I had to restart Windows after each run of 20 or so, and had two computers as one was always tied up running jobs. Kludgy but at least I wan't writing COBOL.

Here is some 1994 PR: http://archives.cpajournal.com/old/16531700.htm


Was going to post about this. The ODBC support is actually pretty awesome, but it is a pain in the ass to get working on some databases. If you want to connect to PostgreSQL, for example, go through these steps and enter the bowels of Windows:

http://www.dashbay.com/2011/03/working-with-postgres-on-wind...

You can also use the ODBC in LibreOffice Calc to similar effect. You can also connect to the database with MS Access and LibreOffice Base. In my opinion, it is much easier to make an intuitive interface for a non-tech user. SpreadsheetDB seems to want curl and JSON requests, which is never going to be used by a non-tech.


The idea is very nice, but I don't like the fact that it is just an API for calculations. That kind of defeats the purpose of a spreadsheet format.

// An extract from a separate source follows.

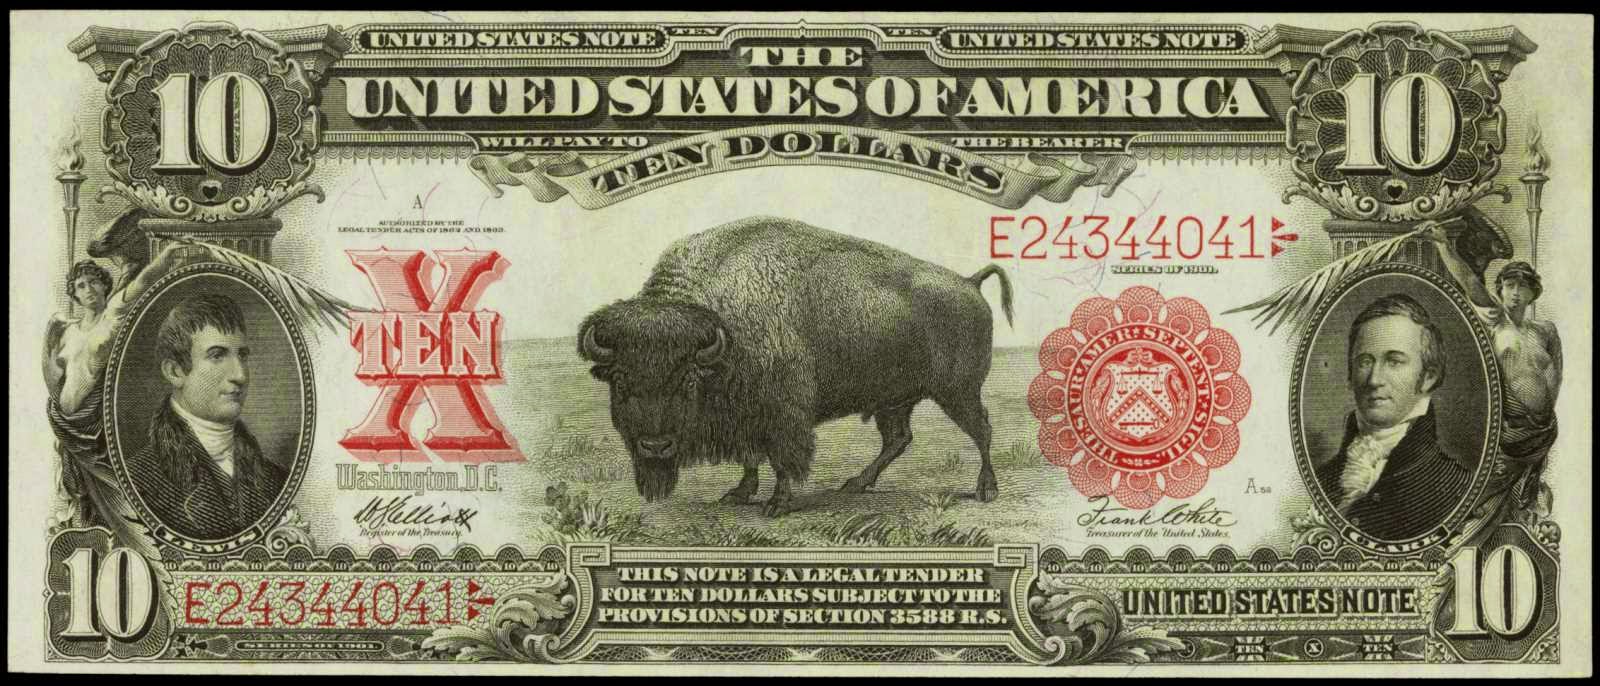 Old American banknotes nnn dd

At first I thought it was an actual spreadsheet application, or an Excel plugin or whatever.

I tried multiple times to create a spreadsheet app that would speak to JSON APIs easily from within cells. The problem is that writing a spreadsheet app from scratch is not easy (one of my tries: http://sheets.alhur.es/), but when that is done it is not hard to integrate it directly with PouchDB, CouchDB -- or any other database or application, actually, with a custom integration.

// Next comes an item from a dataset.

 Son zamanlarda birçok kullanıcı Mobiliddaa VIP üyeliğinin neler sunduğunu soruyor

You might want to look at https://github.com/handsontable/handsontable for the front end. You could probably mash it up with this to build what you describe.

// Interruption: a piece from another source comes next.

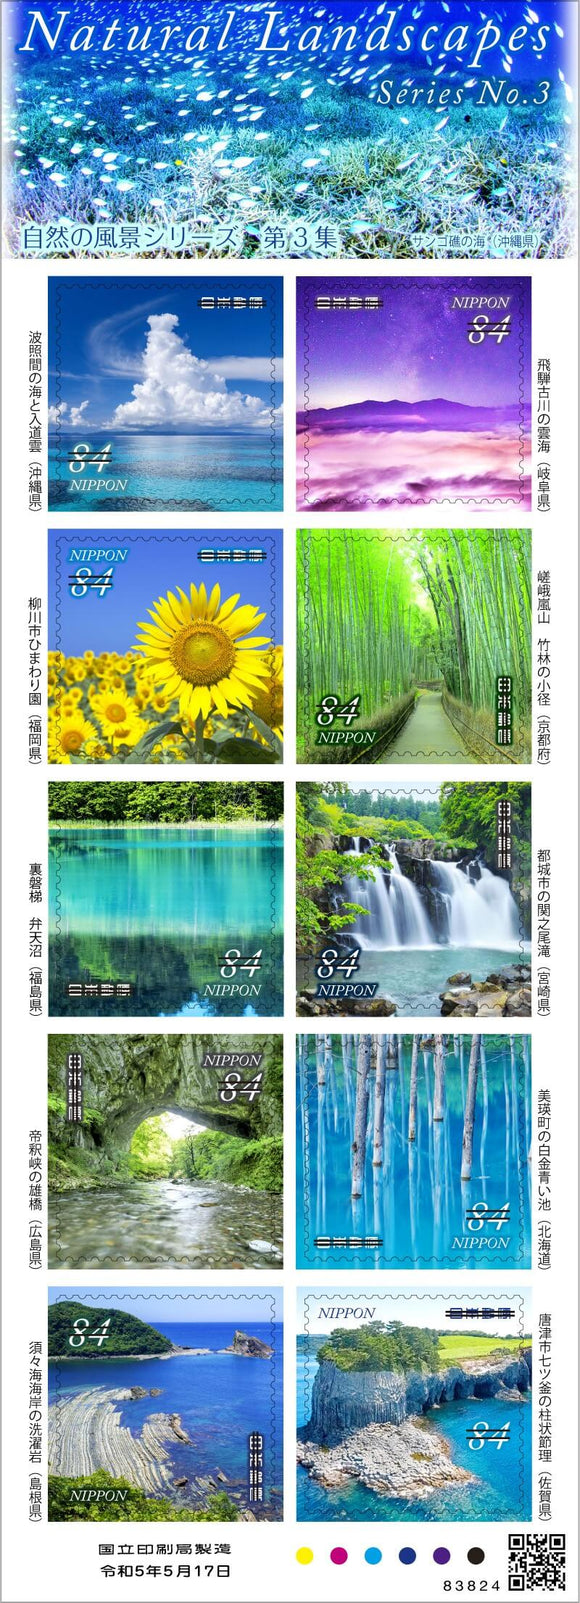 JP2023-14 Japan Natural Scenery Series No 3

Cool idea, but that logo just reads as "preadsheet", which, is not exactly positive.


Good call out. I just want to add that the issue is exacerbated on a mobile phone. iPhone 6, portrait mode, the "S" and "preadsheet" are even on different lines!

The linewrap goes away when I rotate to landscape mode.


Thanks for the feedback, that will get fixed soon.


Also, you mis-spelled "guarantee" under "99% uptime"...


Fixed, thank you.


I'd love to see this concept taken a step further and be able to write back changes (within reason, of course) to a SQL database.

The piece I'd most love to see is some form of editable Pivot Table, where the changes get written back to the appropriate place in the database. For example:

    CREATE TABLE Balances(Account varchar, Scenario varchar, Amount numeric, primary key(Account,Scenario));
    -- Pretend that this is pre-populated with all Account and Scenario combinations
Using this schema, I would want to get a Pivot Table out of this where Account makes up the row labels, Scenario forms the column labels, and the Amount values are the data. Where the magic happens is that I want to be able to make changes to the amounts and have it write those back into the database with the appropriate UPDATE statements.


Be prepared for a bill from your DBA for his/her blood pressure medication then... or the accounts team when they realise that a missing conversion of a string to a numeric caused you to zero out every customer's account balance... ;) (Based on real world experience with my clients over 3 decades)

Even 20 years ago good old Microsoft with their MSQuery capability in Excel stopped you from doing this every way they could.


Depending on how it's done it can be perfectly safe.

I've actually built a thing, in Lazarus of all things, to do this very thing. Unfortunately it's very specific to my use-case, but it is "safe" in the sense that it doesn't screw things up too badly. My particular use case is actually very spreadsheet-like, but I also want some things that are a lot easier to do in SQL than in Excel.

My use case is to have a tool to help me evaluate monthly financial statements for a smallish organization, enter my own adjustments, and come up with a final statement.

It's spreadsheet-like in the sense that I enter everything into a grid of rows and columns. The rows are accounts (in the income statement sense, not customer accounts), columns are a "type" (e.g., actuals, my adjustments, adjustments made by the auditor, adjusted actuals, budget, budget vs actuals, etc). Some accounts and some types are calculated, thus read-only in the table. There's also a drop-down at the top to select a period.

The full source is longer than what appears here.